- COLLECTED DATA -
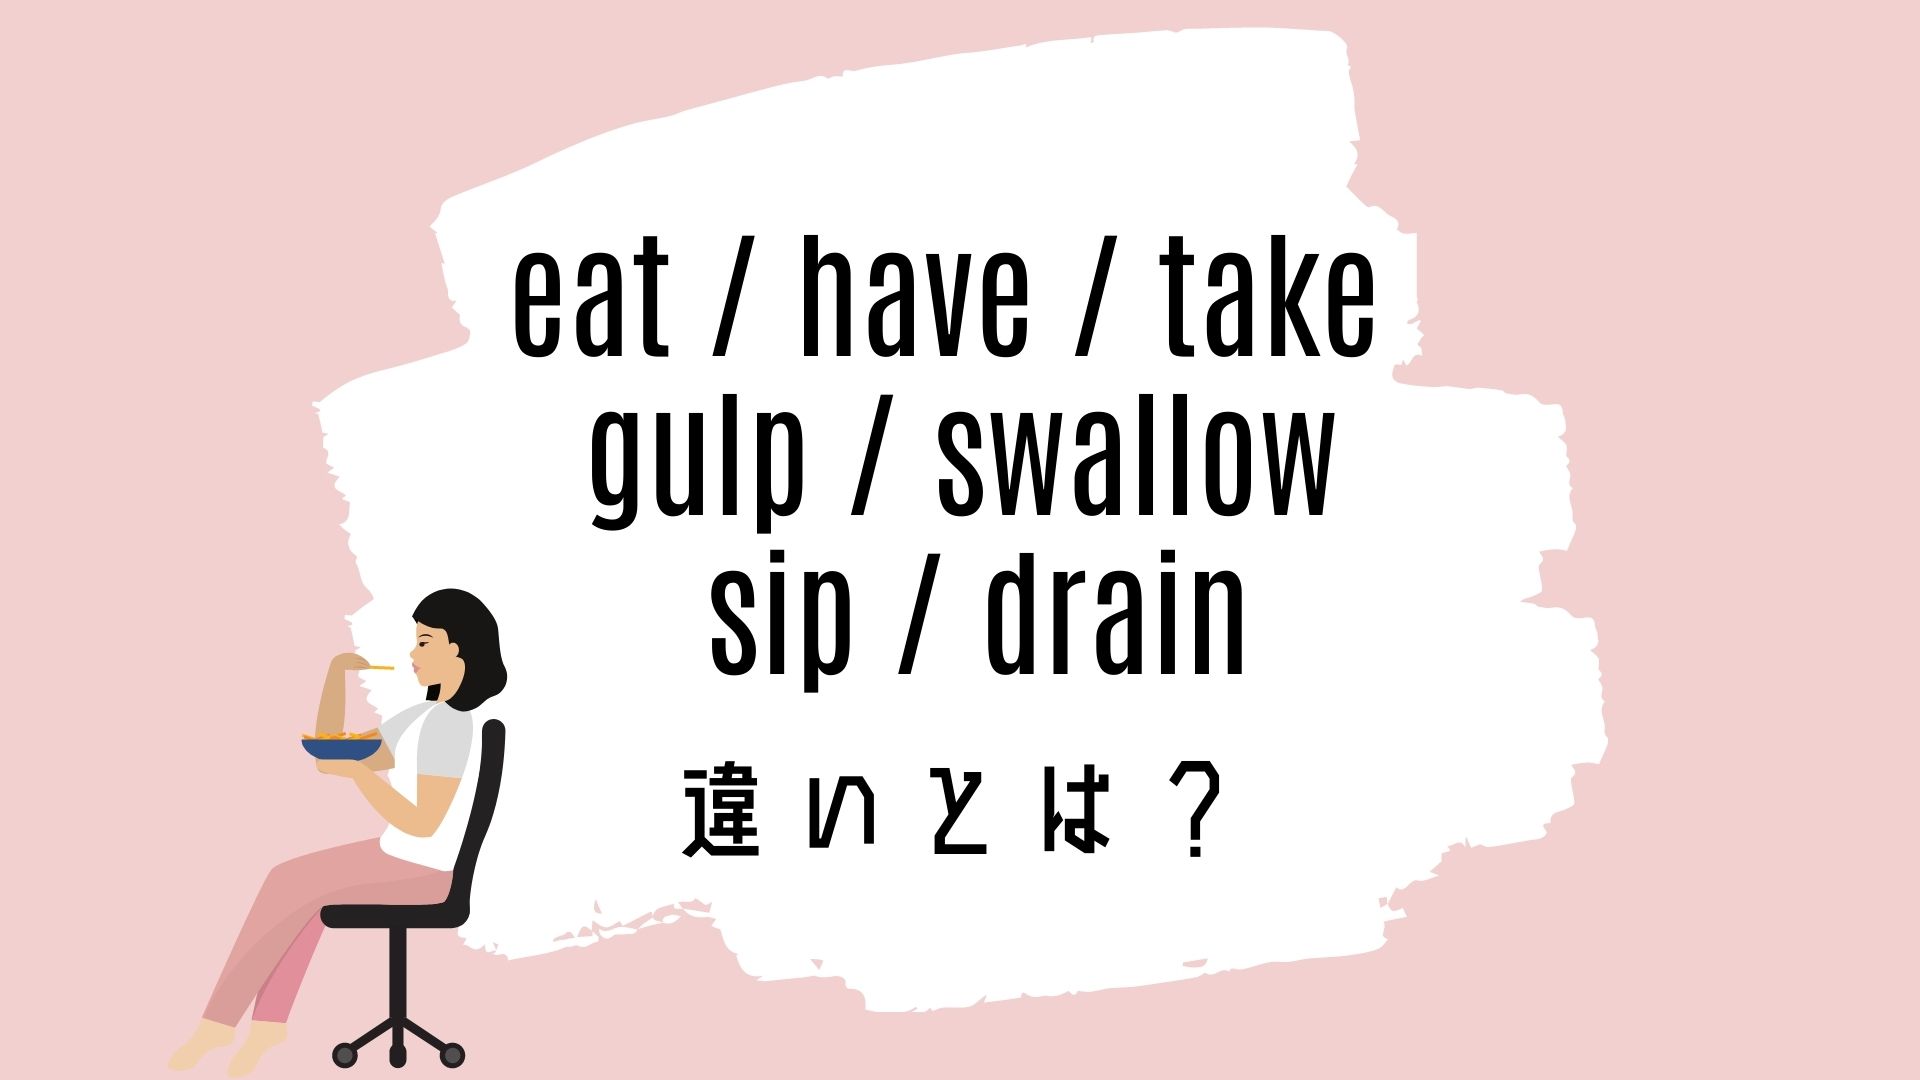 eat / have / take / gulp / swallow / sip / drainの意味の違いとは？使い方を解説
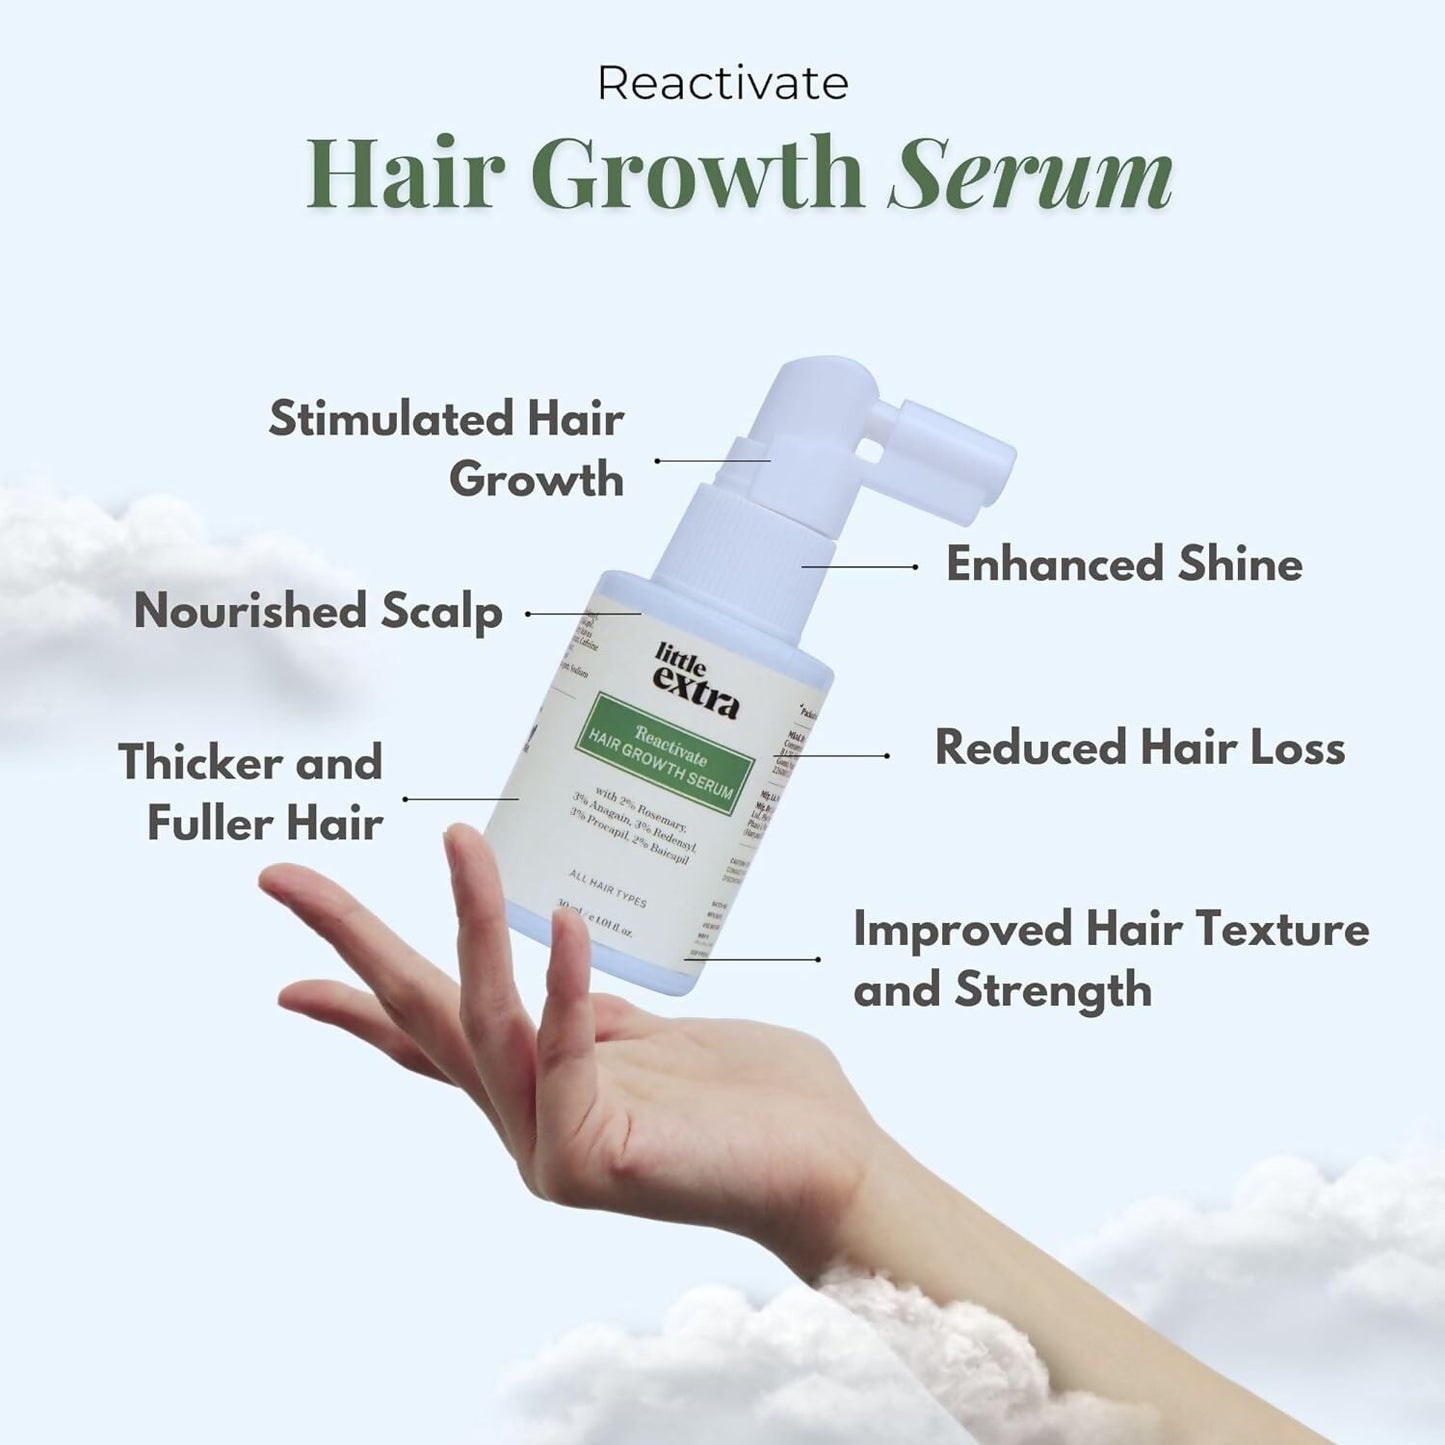 Little Extra Reactivate Hair Growth Serum
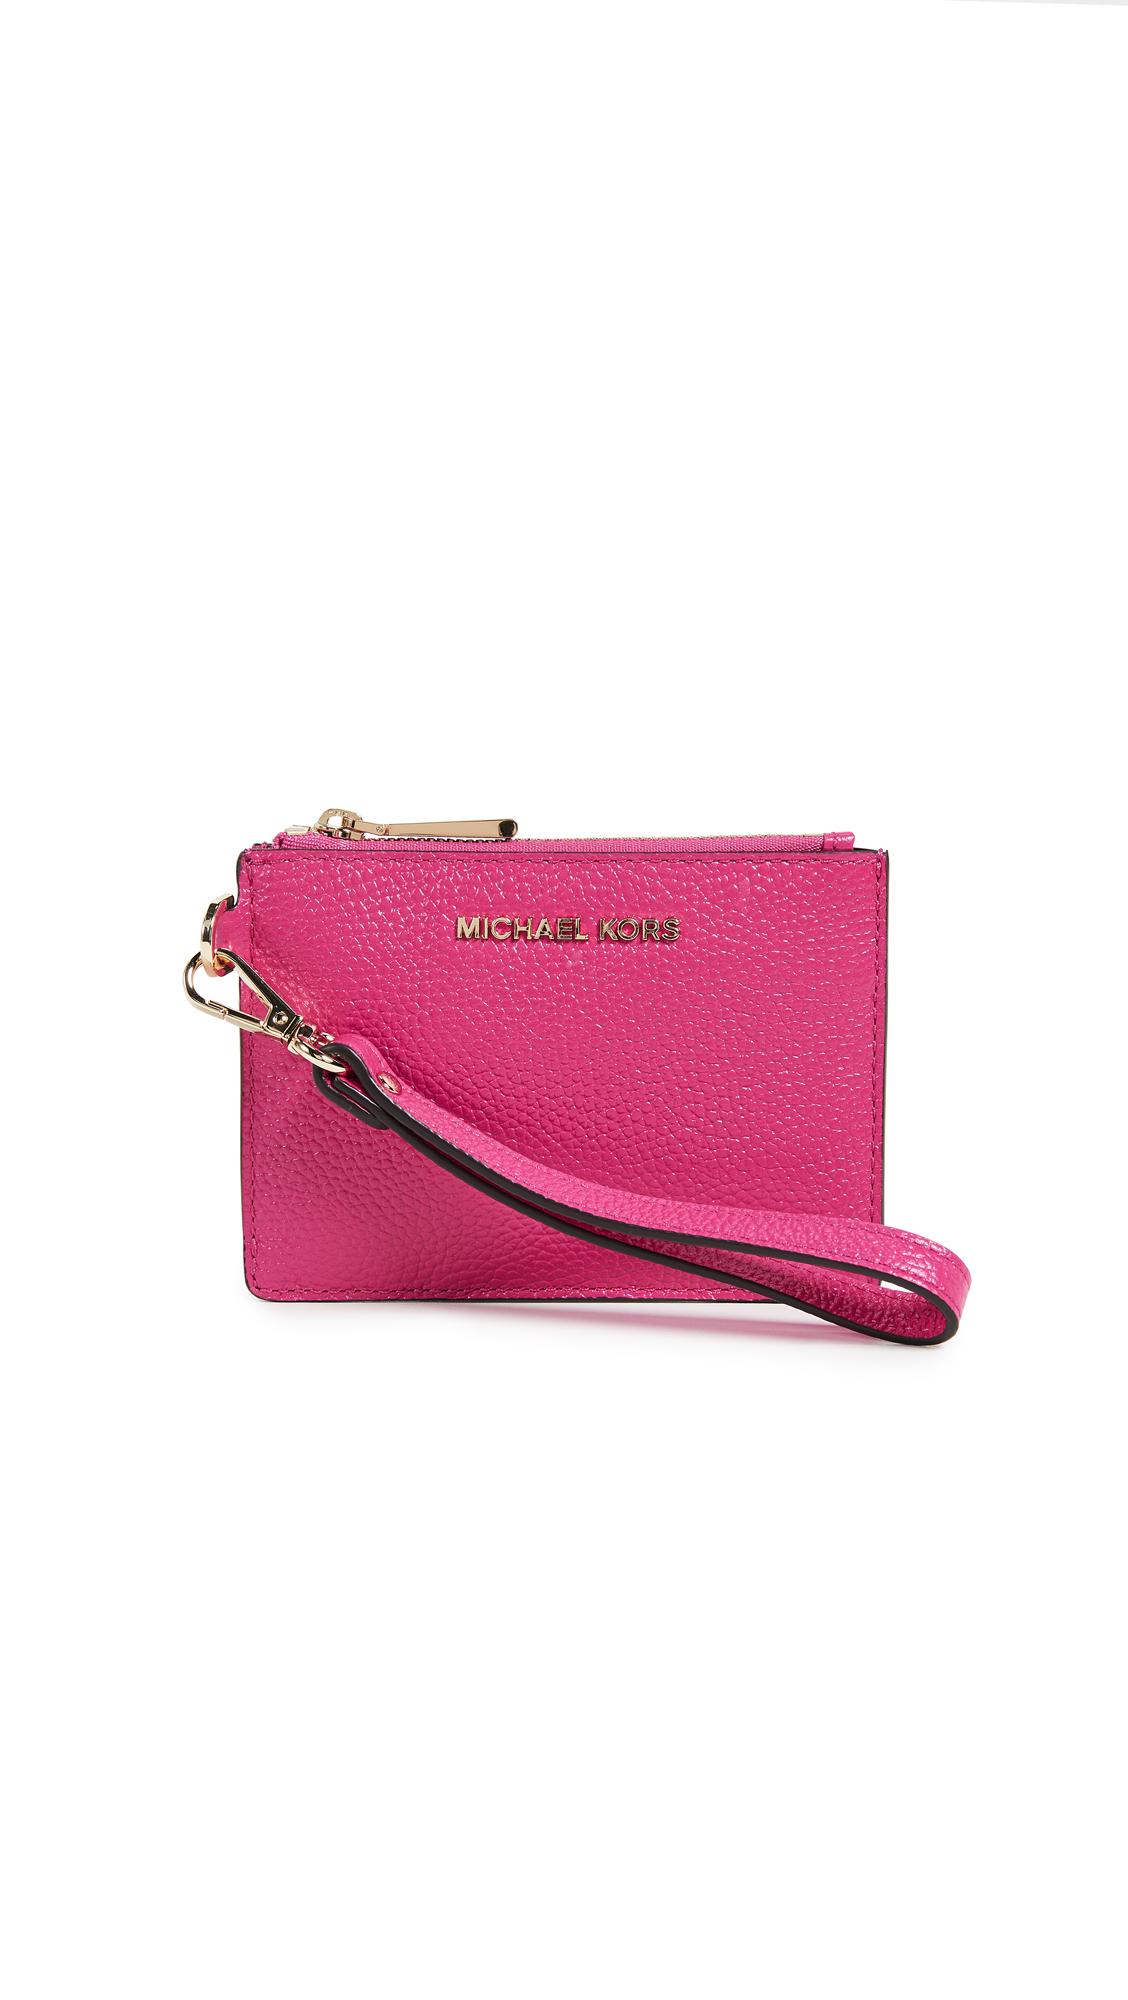 michael kors ultra pink wallet

- WHAT YOU ARE ASKED TO DO -
Once the pictures are set aside, please reproduce the remaining material word for word.

- RESULT OF THE EXERCISE -
 eat / have / take / gulp / swallow / sip / drainの意味の違いとは？使い方を解説
 Little Extra Reactivate Hair Growth Serum
 michael kors ultra pink wallet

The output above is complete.